▶ Exercise goal
Restate the listing that follows word for word, without its pictures.

▶ Dataset extract
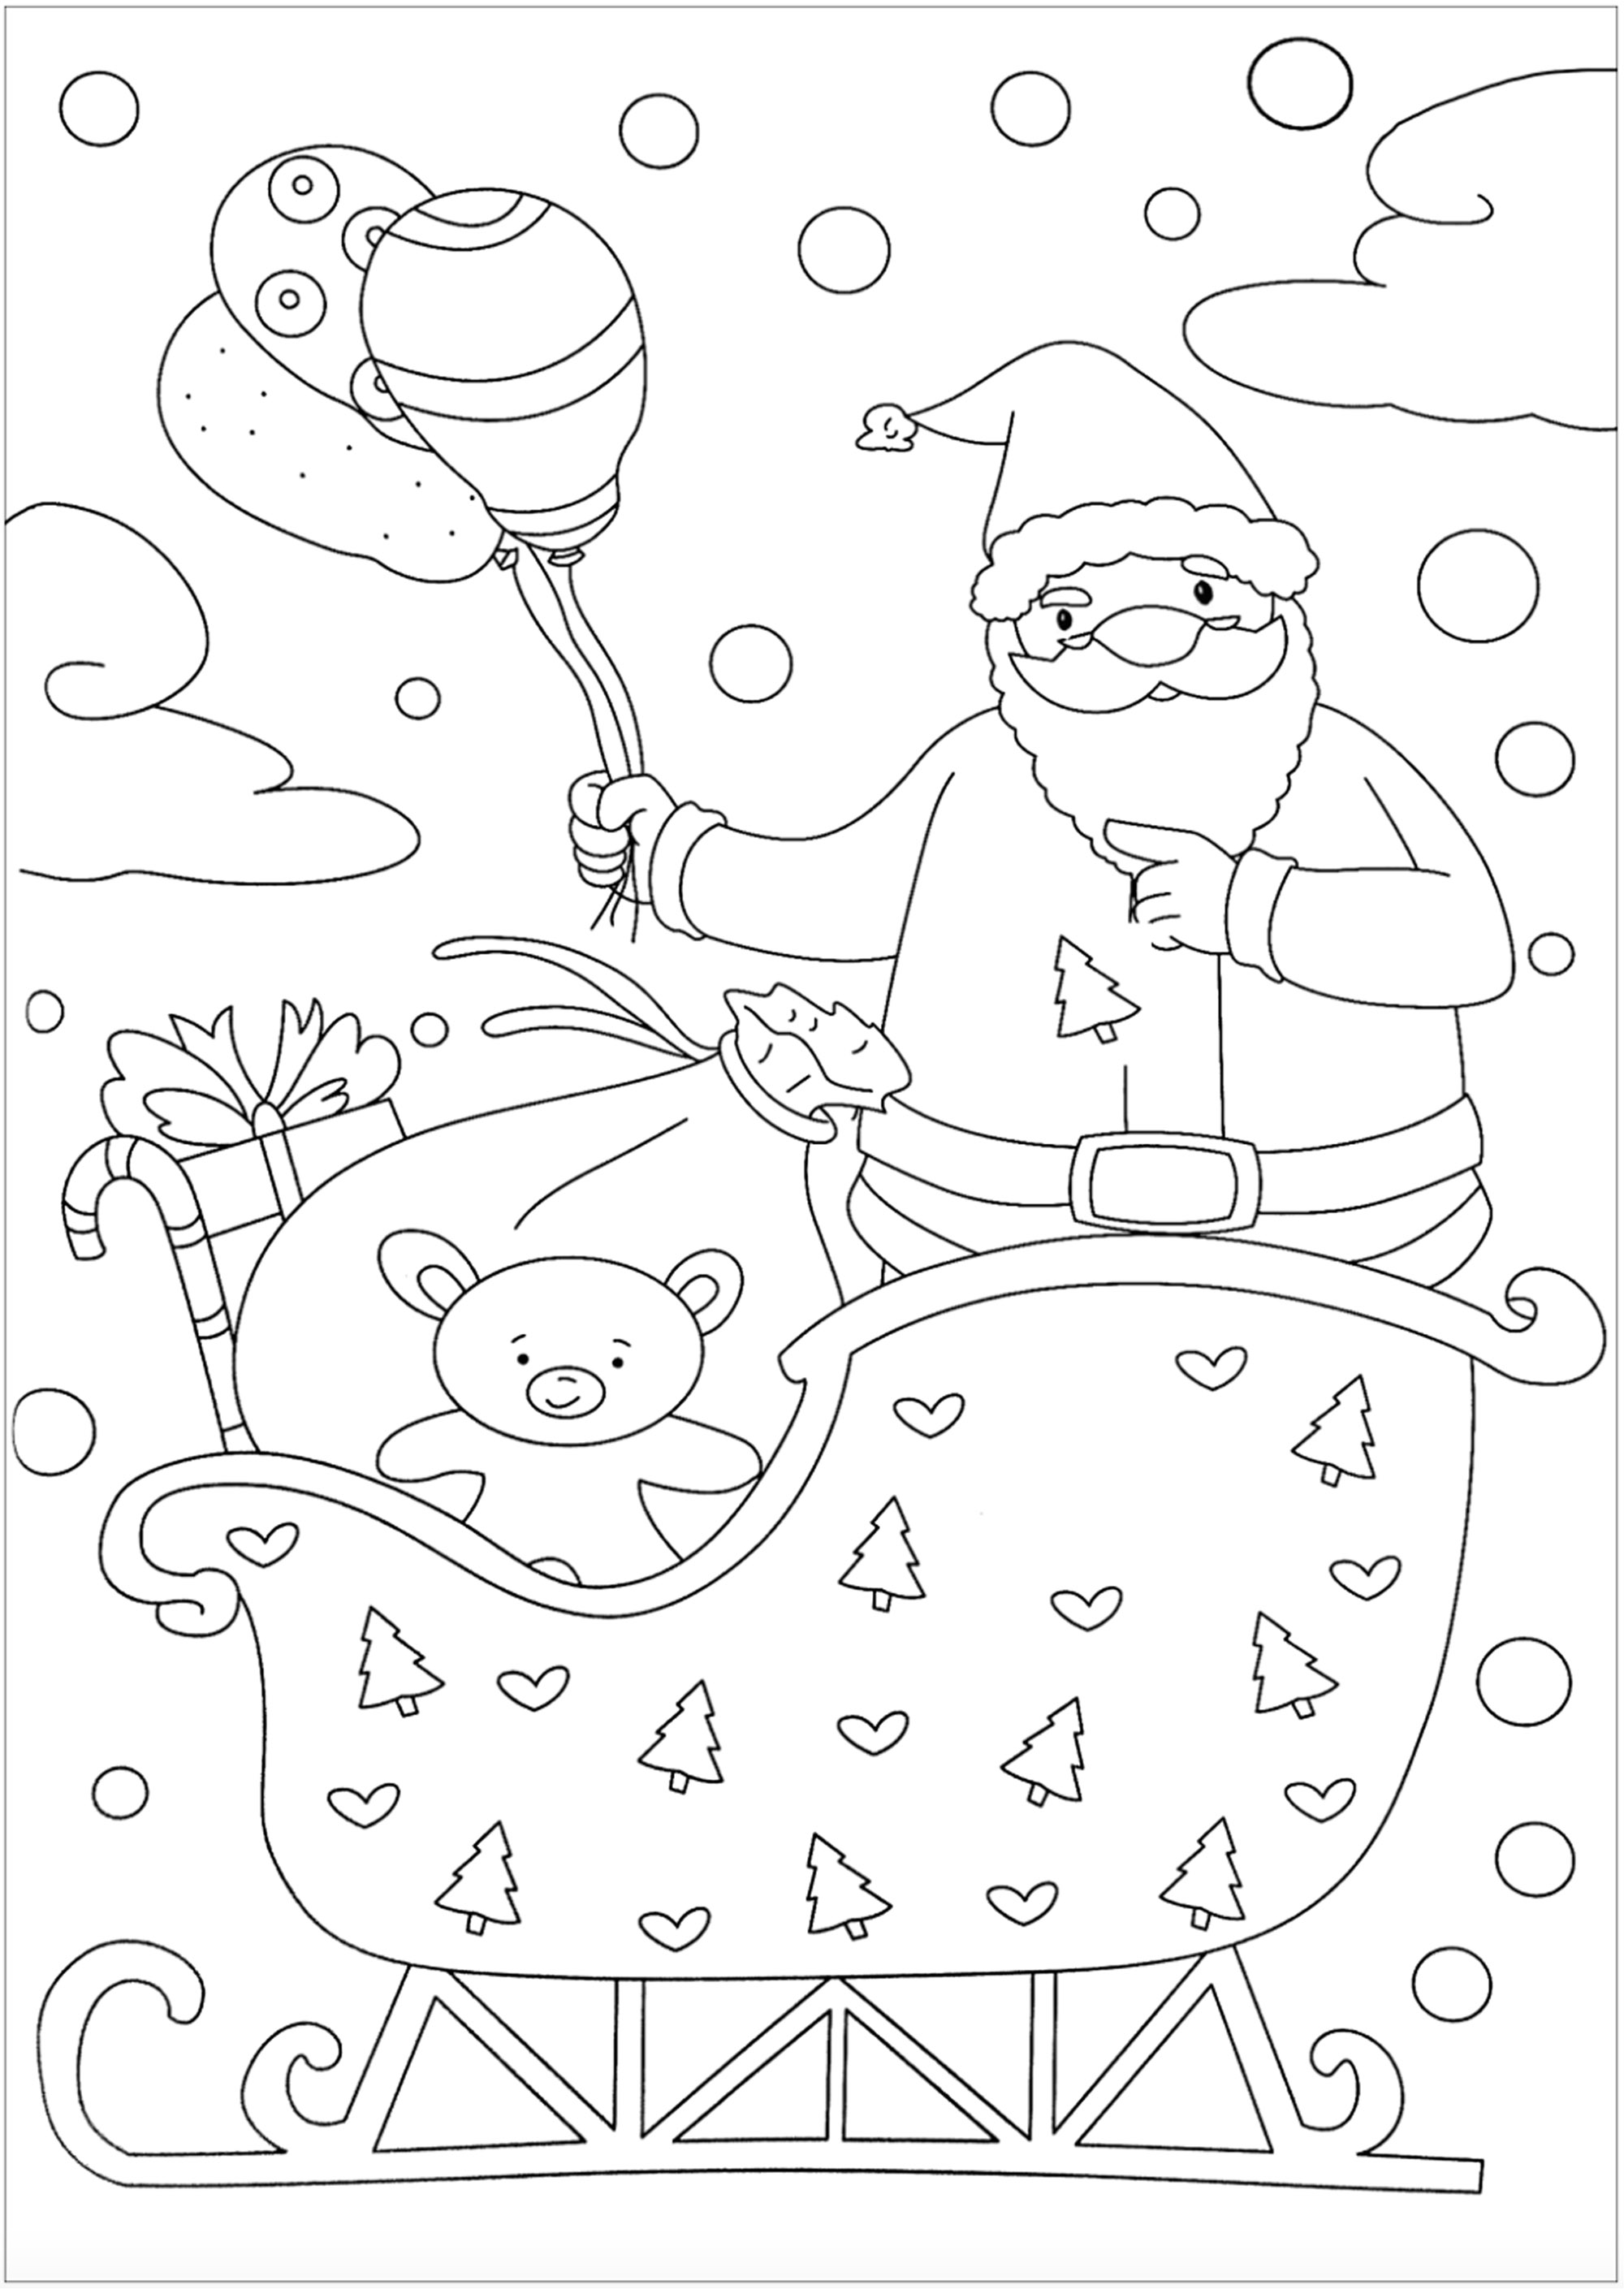 A beautiful Santa Claus to color, with pretty balloons.  He is in his sleigh with presents and a cuddly toy
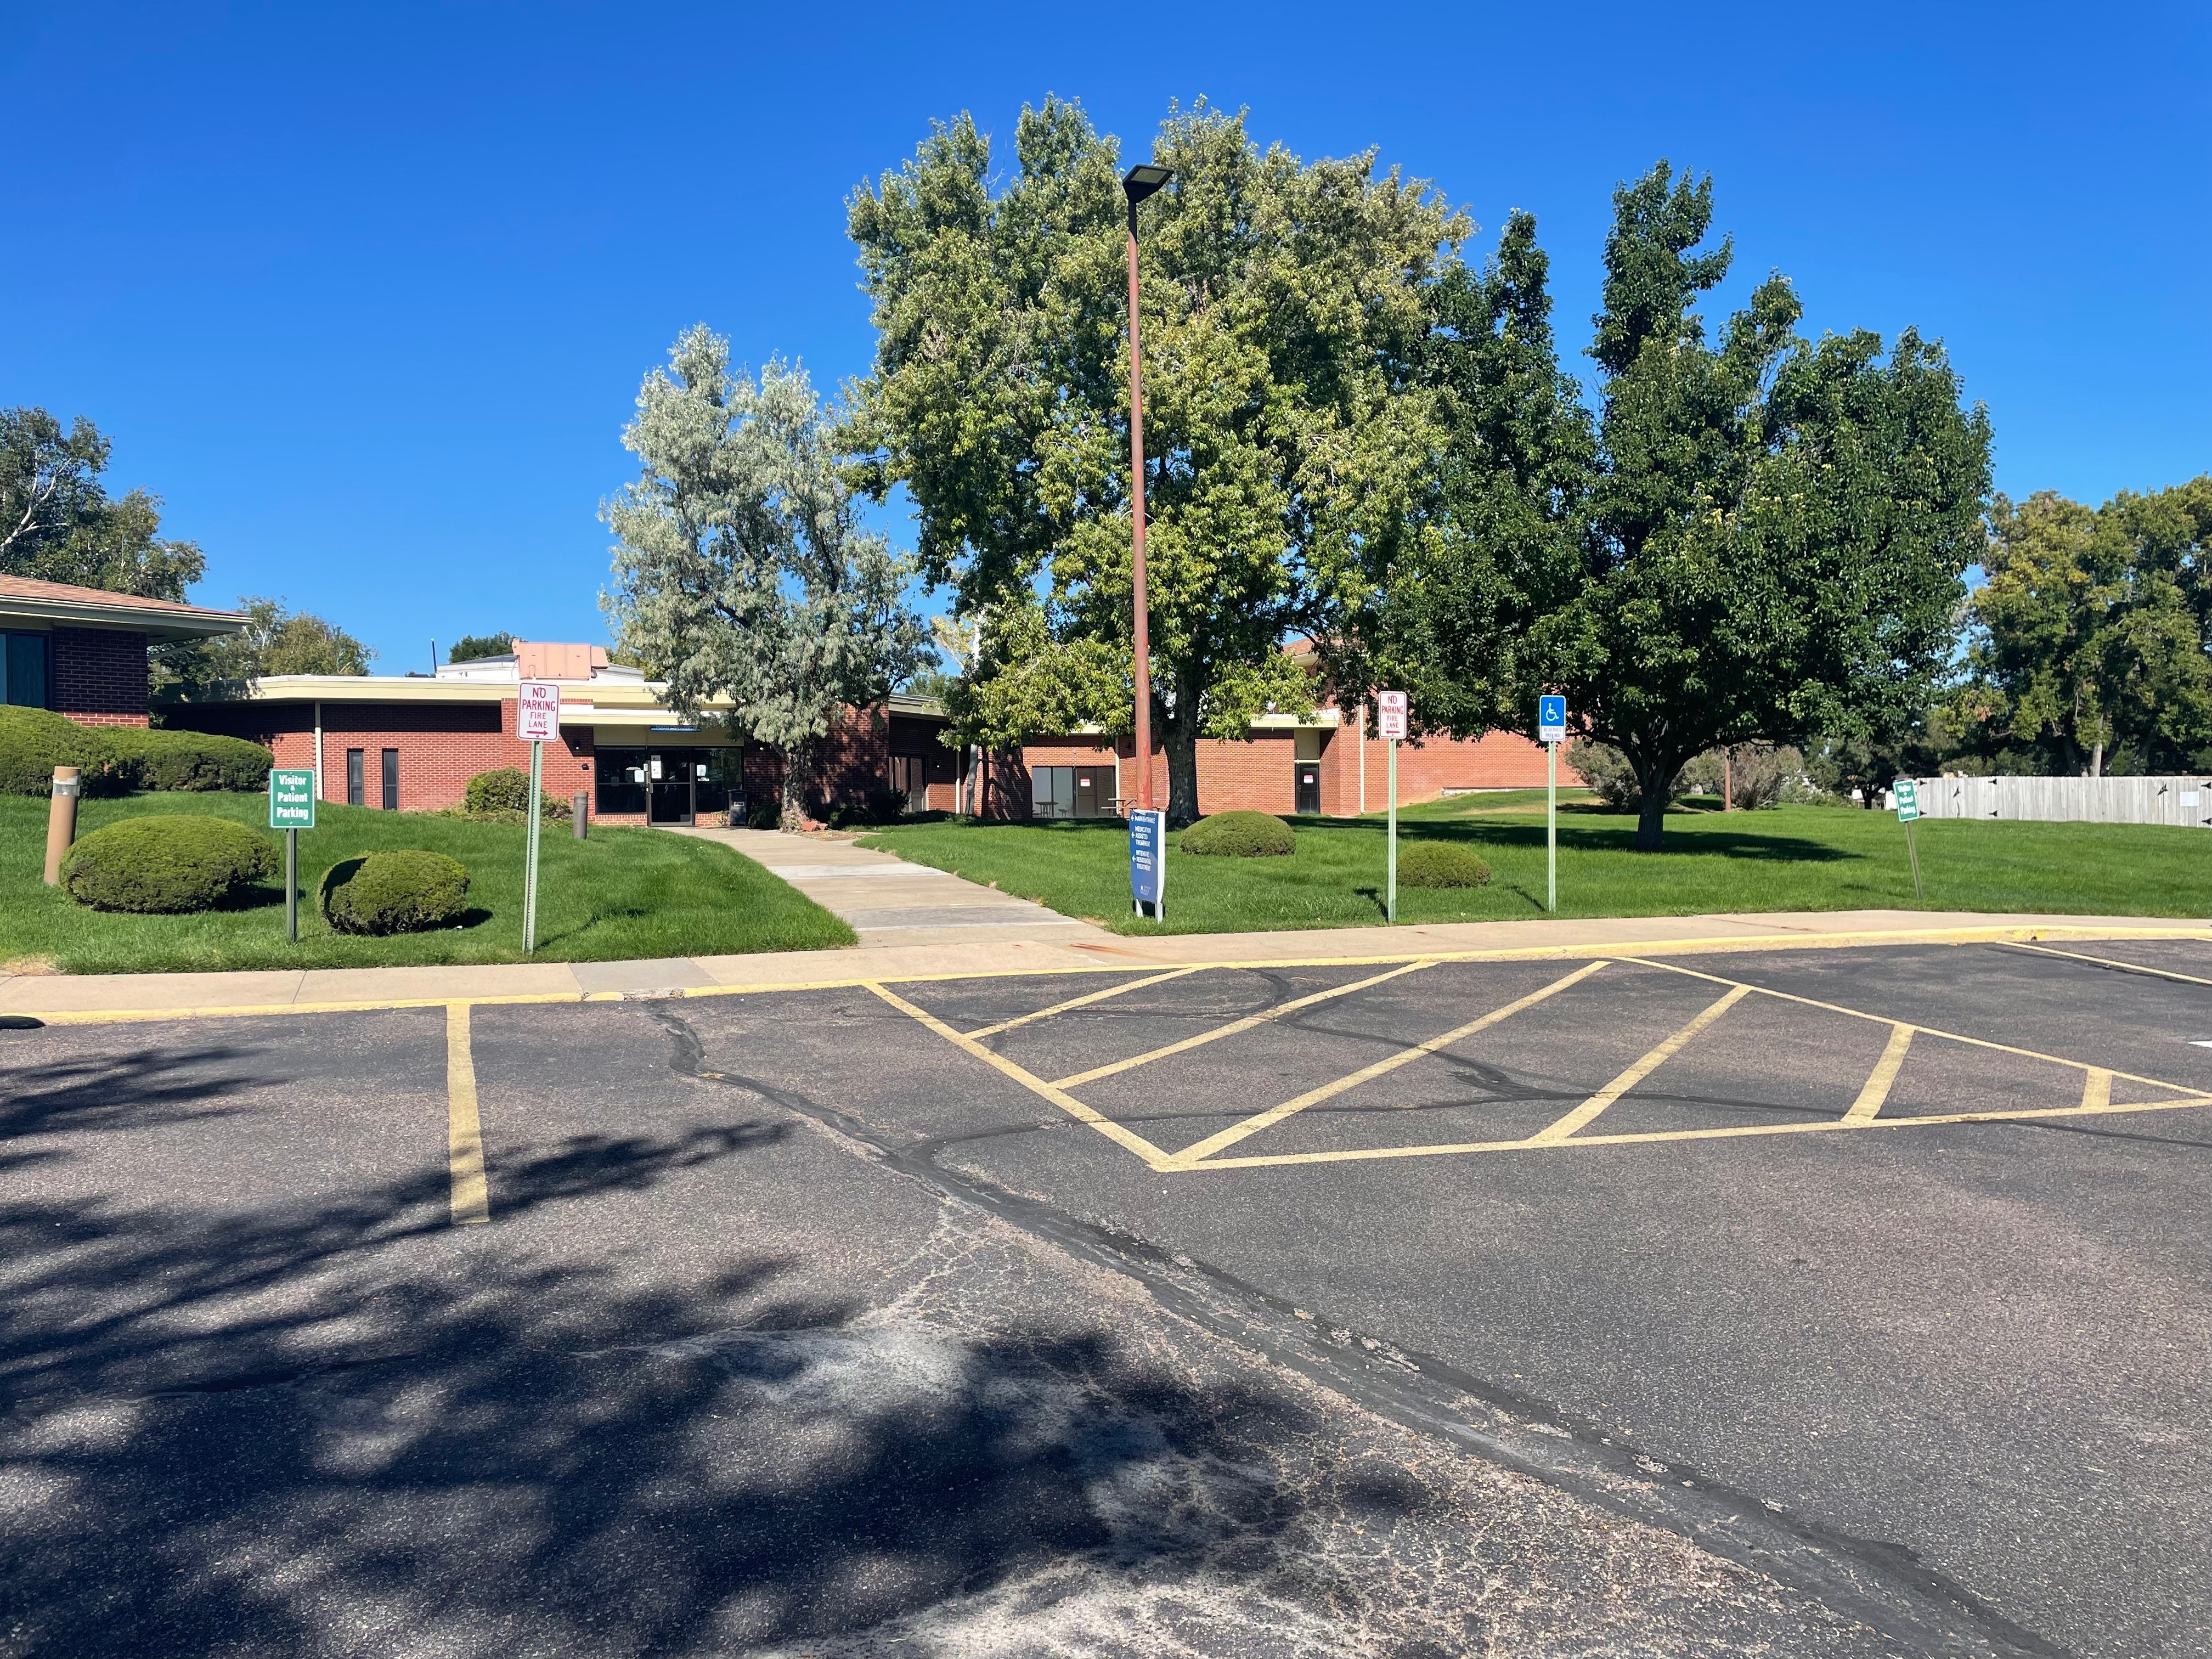 
District Attorney, Community Reach Center, Thornton Police Chief Secure Approval for a Youth Shelter to Safeguard Youth in Crisis in Adams County
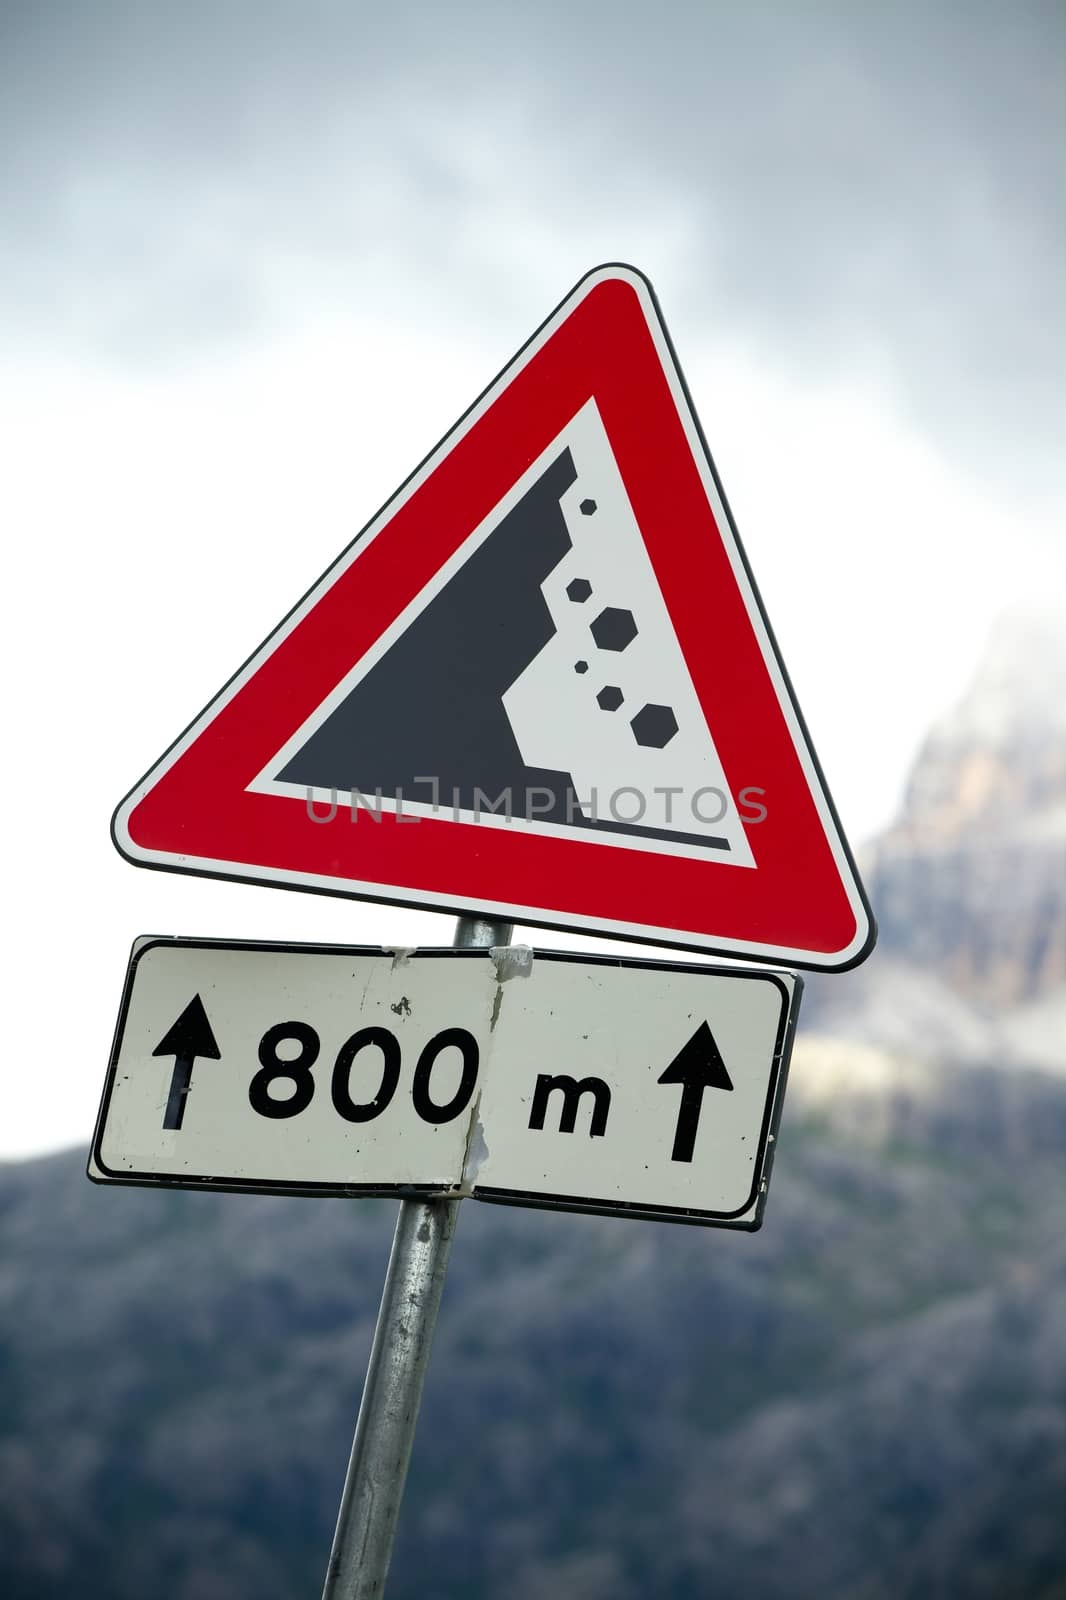 Warning sign of falling rocks on a mountain road

▶ Task solution
 A beautiful Santa Claus to color, with pretty balloons.  He is in his sleigh with presents and a cuddly toy
District Attorney, Community Reach Center, Thornton Police Chief Secure Approval for a Youth Shelter to Safeguard Youth in Crisis in Adams County
 Warning sign of falling rocks on a mountain road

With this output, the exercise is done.